Сашенька молчала, опустив голову.
– Н-ну, с-скотина!… – вдруг закричал Служкин.
Пуджик спокойно сидел в раковине умывальника над двумя рыбьими хвостами, как победитель над поверженными вражескими штандартами. Толстый, сытый, немигающий, он очень напоминал полярную сову.
«В том гробу твоя невеста…»
Надя и Будкин ушли кататься на лыжах, а Служкин пек блины. Большие блины у него рвались и комкались, и он пек маленькие блинчики, которые называл «пятаками». Уже целая гора томных «пятаков» лежала в большой тарелке. По кухне плавал вкусный синий чад. Тата сидела на полу и напяливала туфельки нереально красивой кукле Барби, которая растопырила на табуретке ноги, как ножницы.

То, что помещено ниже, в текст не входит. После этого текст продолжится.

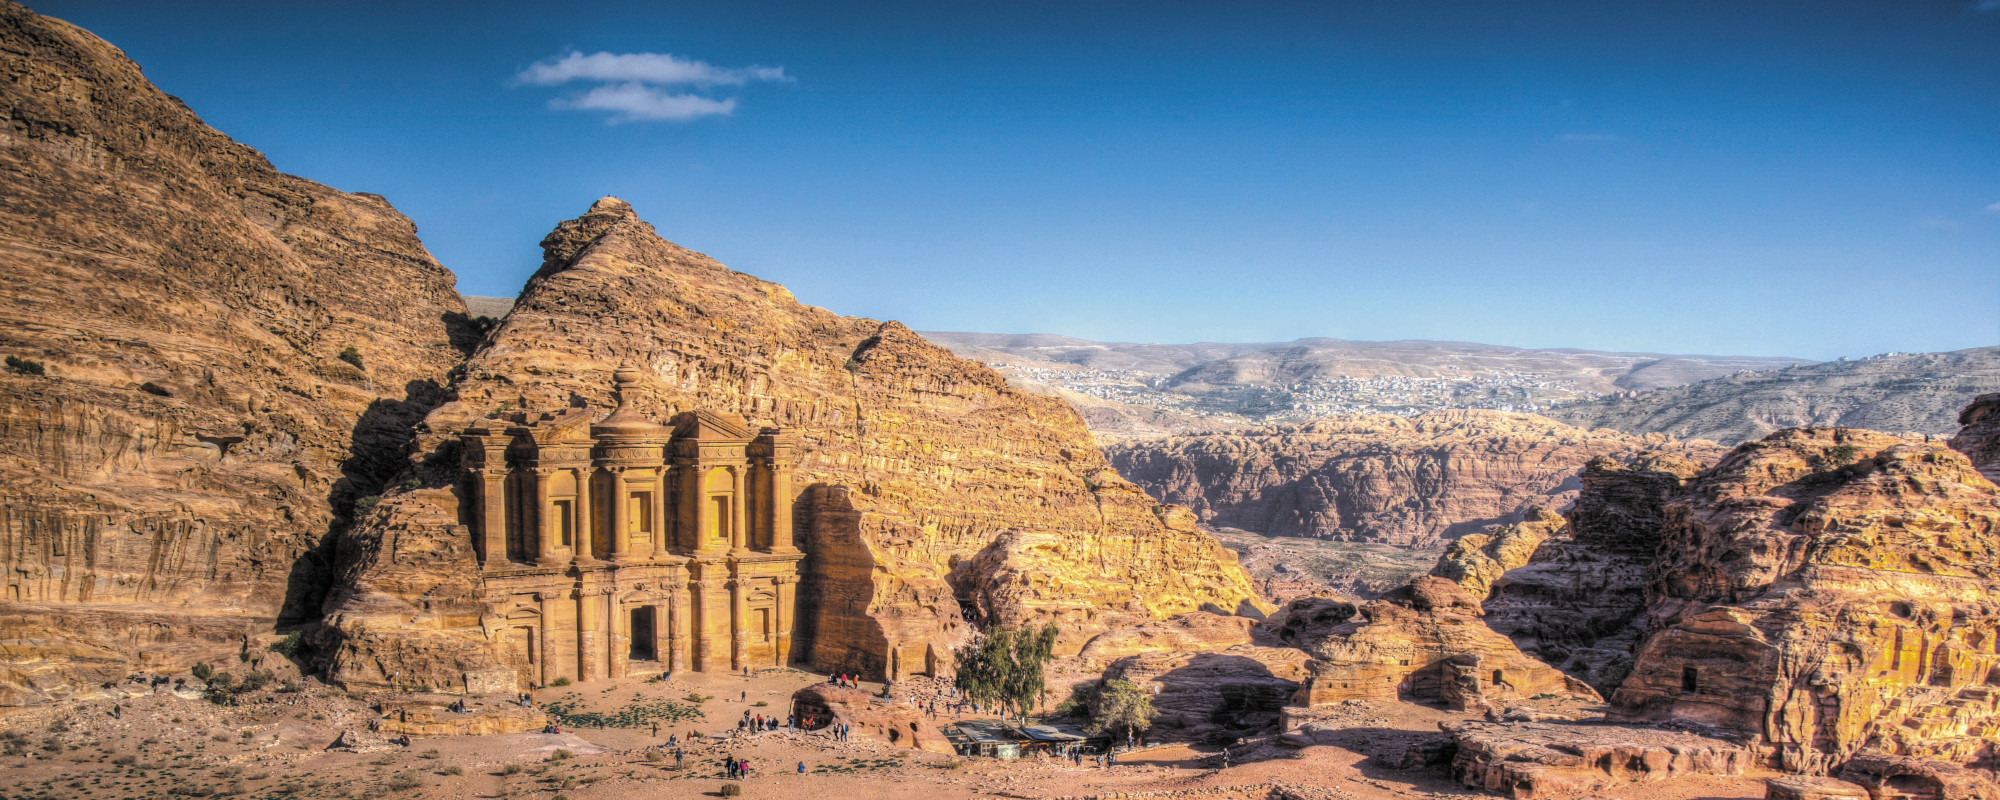 Jordanien - archäologische Stätte in jordanischen Wüste
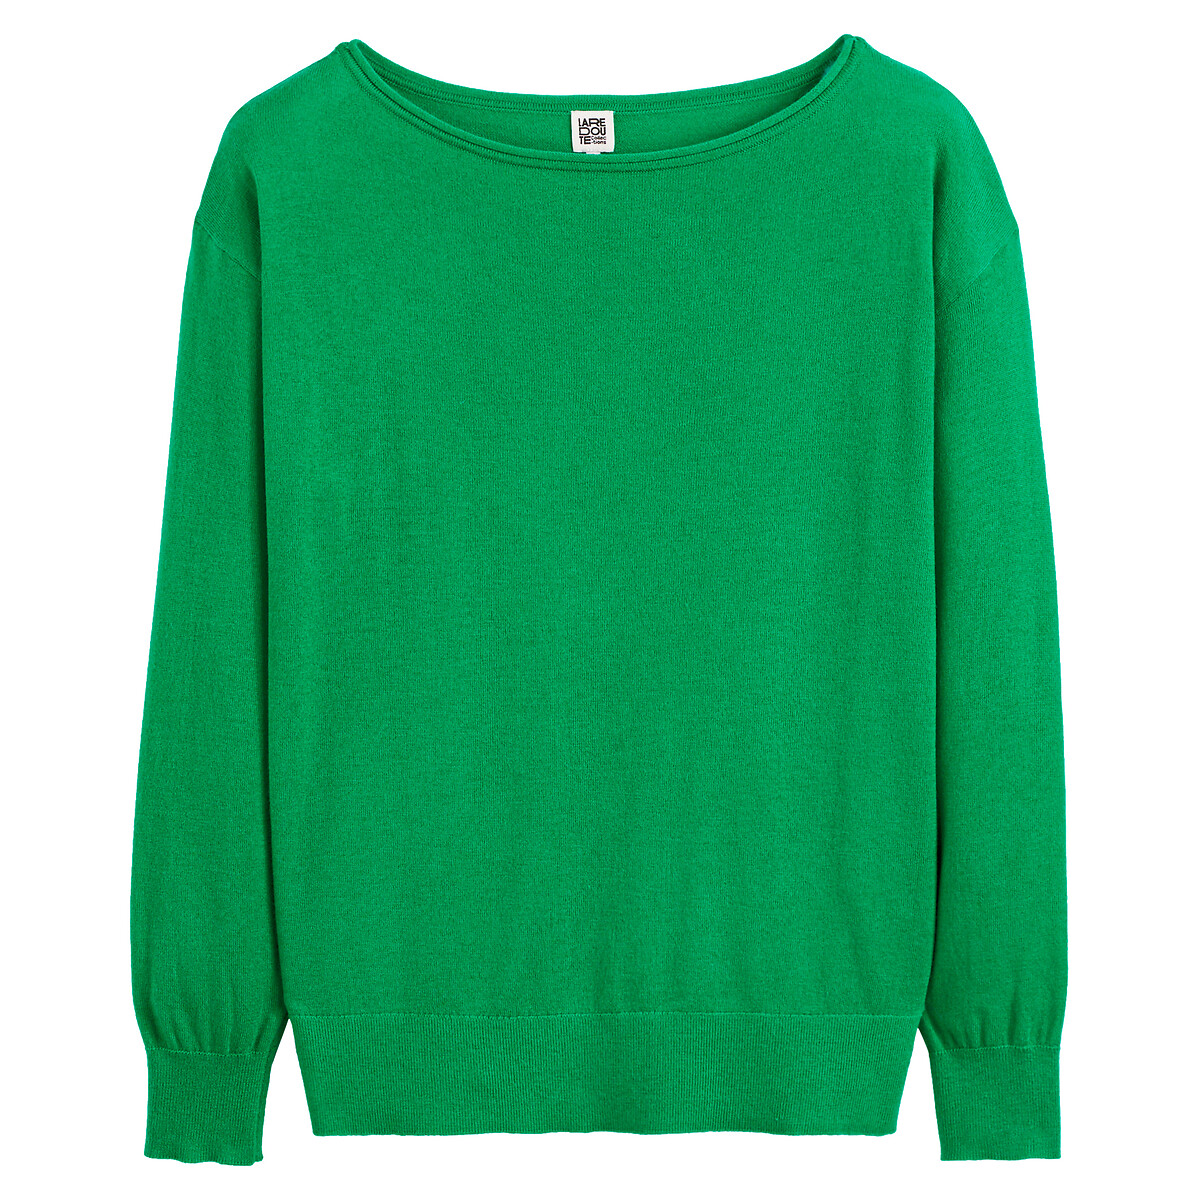 Пуловер с вырезом-лодочкой XL зеленый

Из подъезда донесся стук лыж по перилам, и в дверь протрезвонили.
– Надя! – закричала Тата, вскочила и бросилась в прихожую.
Первым в квартиру вбежал Пуджик. Потом с лыжами вошла Надя – румяная и счастливая, а потом Будкин с бутылкой вина в кармане пуховика.
– Ну да, на лыжах они катались, – с сомнением сказал Служкин Будкину. – До ларька и обратно.
– У тебя блины сгорят, – напомнила Надя.
Пока Надя и Будкин переодевались и связывали лыжи, Служкин допек «пятаки» и вылил на сковородку остатки теста из кастрюли. Получилось нечто вроде Австралии с Большим Барьерным рифом в придачу.
Яркий до изумления закат горел над Речниками. В синей дымке от блинов свет его приобретал апельсиновый оттенок. На столе в блюде, закатив глаза, лежали потные, сомлевшие, янтарные «пятаки». В сковородке щедро лучилось расплавленное масло. Варенье в вазочке от невообразимой сладости стало аж лиловым. Чай приобрел густо-багровый, сиропный цвет. Даже пышная сметана стеснительно порозовела. Все расселись вокруг стола. Будкин, причмокивая, сразу схватил один «пятак», положил его на широкий, как лопата, язык и убрал в рот, как в печь. Хмыкнув, он оценивающе пошевелил пальцем груду блинчиков.
– Чего таких мелких напек? – спросил он.
– Поварешку лень стало мыть. Пипеткой воспользовался.
– Не лазь руками, – пресекла Будкина Надя, накладывая блинчики в блюдечко Тате. – Еще не известно, где ты ими ковырялся…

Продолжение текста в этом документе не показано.